Exercise prompt:
Apart from the pictures, print the data below exactly as given.

Source material:
= = = = = = =

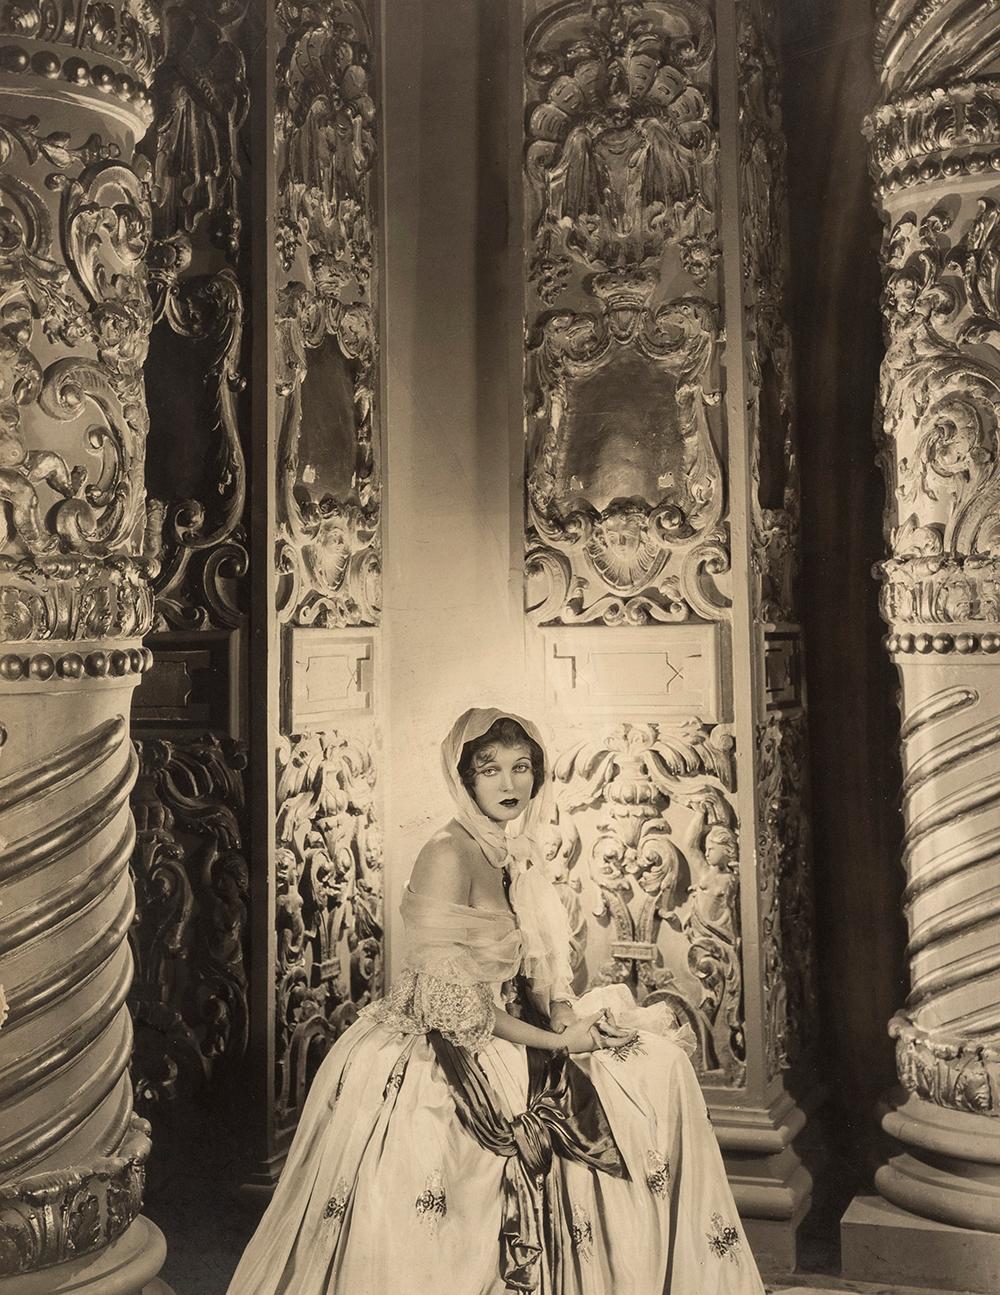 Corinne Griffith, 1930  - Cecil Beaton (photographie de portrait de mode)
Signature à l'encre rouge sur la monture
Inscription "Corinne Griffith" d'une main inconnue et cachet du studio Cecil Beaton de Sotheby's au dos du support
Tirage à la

= = = = = = =

Answer section:
 Corinne Griffith, 1930  - Cecil Beaton (photographie de portrait de mode)
Signature à l'encre rouge sur la monture
Inscription "Corinne Griffith" d'une main inconnue et cachet du studio Cecil Beaton de Sotheby's au dos du support
Tirage à la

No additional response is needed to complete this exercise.